Par là même, ils sont comme murés en eux-même et quasi incapables de s'ouvrir à l'autre, de se mettre à sa place et d'épouser son point de vue. Ces solitudes sont aussi des petits narcissismes bien adaptés au monde de la consommation qui est le nôtre, et ce n'est pas un hasard si Hirsh est directeur de supermarché. De la même façon, ils ne cessent d'être des mystères les uns aux autres, y compris lorsqu'ils sont proches ou parents tels, par exemple, Carl Bedel et sa fille partie faire sa vie en Australie. Chaque personnage est une planète, c'est à dire un monde, façonné par un passé propre et éminemment personnel dont peut-être personne n'aura jamais accès, et c'est ainsi que vont les affaires du monde. Chaque homme est un abime comme le dit si bien la citation de Buchner.

Il s'agit d'un portrait de la France, celle d'hier et celle d'aujourd'hui, celle de la guerre d'Algérie et celle du tout numérique. Quel est ce pays, son identité, son avenir, semble souvent s'interroger l'auteur, à travers ces différents personnages. Ou réside la blessure secrète de ce pays, la source de son mal-être? Par de nombreuses touches, Franck Magloire dépeint sans concession certains aspects peu enthousiasmants de l'époque: l'emprise de l'ultralibéralisme, l'invasion des gadgets, une certaine déréalisation, sans oublier la fracture générationnelle séparant des vieux de plus en plus riches et des jeunes de plus en plus pauvres, avec au milieu des trentenaires quadragénaires largement paumés. Sur ce point, on peut voir un caractère allégorique dans l'accident. Autant de forces qui nous éloignent de notre humanité commune. Telle est la dimension discrètement politique de ce roman, enraciné dans une tonalité mélancolique et une sensibilité romantique.
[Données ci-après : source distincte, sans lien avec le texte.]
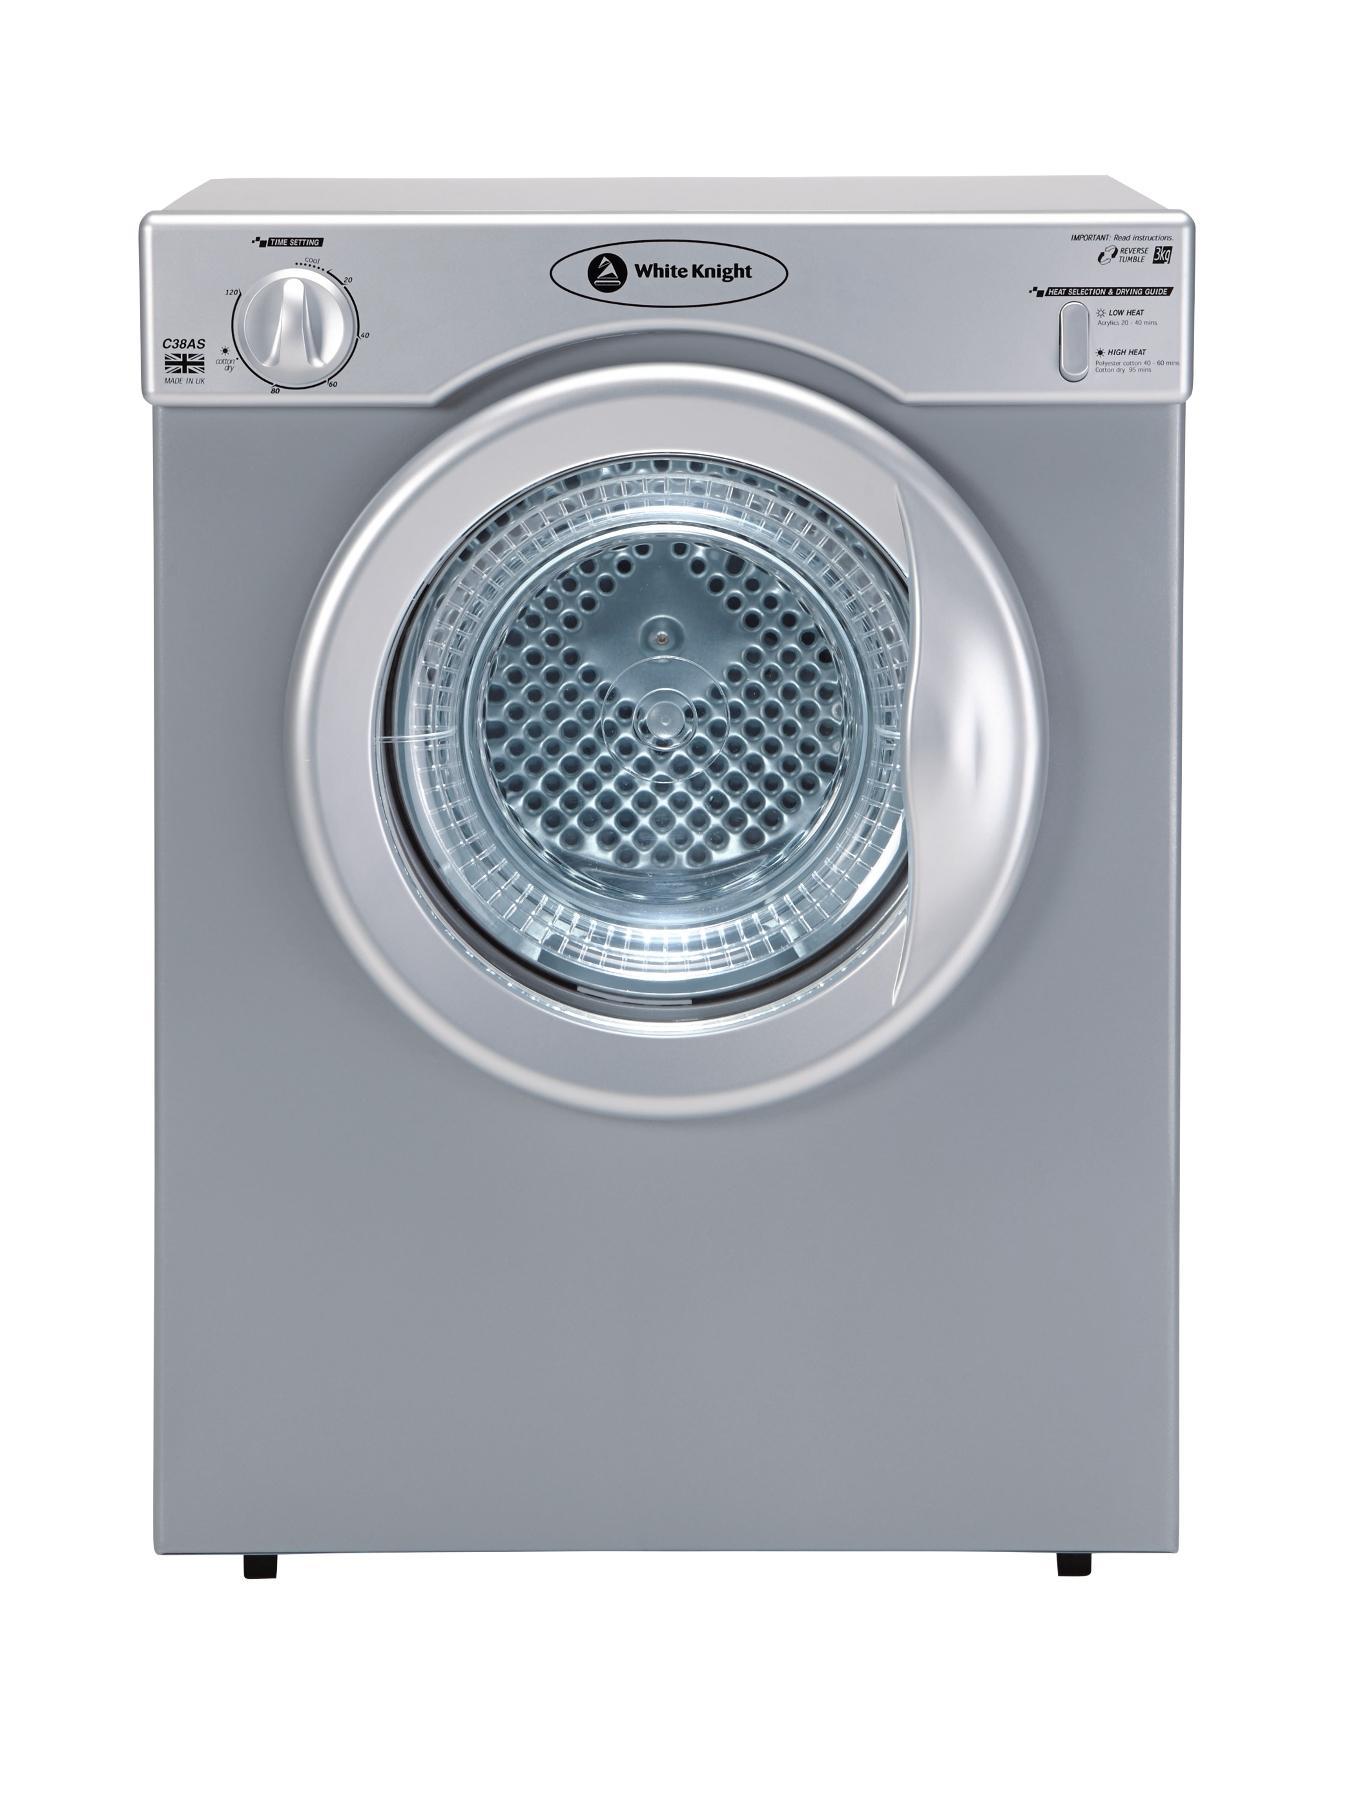 Tumble Dryer Uk ~ Tumble dryers small uk

Mais Franck Magloire n'assène pas des thèses sociologiques. Avec les seuls moyens de la littérature, il inspecte les âmes, des âmes blessées, fragiles, mais qui espèrent, établissant en permanence une jonction entre l'intérieur et l'extérieur, la conscience et le monde. Il superpose avec maestria le temps dilaté de la pensée et le temps de l'action.Au plus de près de la singularité vivante et de la voix intérieure de ces personnages, il nous montre une certaine France d'aujourd'hui. Et surtout, il règle un mouvement d'ensemble dont le maitre mot semble être l'amour, courant qui permettra le rapprochement des êtres, force politique finalement seule à même de renverser l'ultralibéralisme actuel nous condamnant à une solitude sans issue. C'est à l'ultime phrase de la Divine Comédie de Dante que nous fait penser ce roman « l'Amour qui meut le soleil et les autres étoiles ».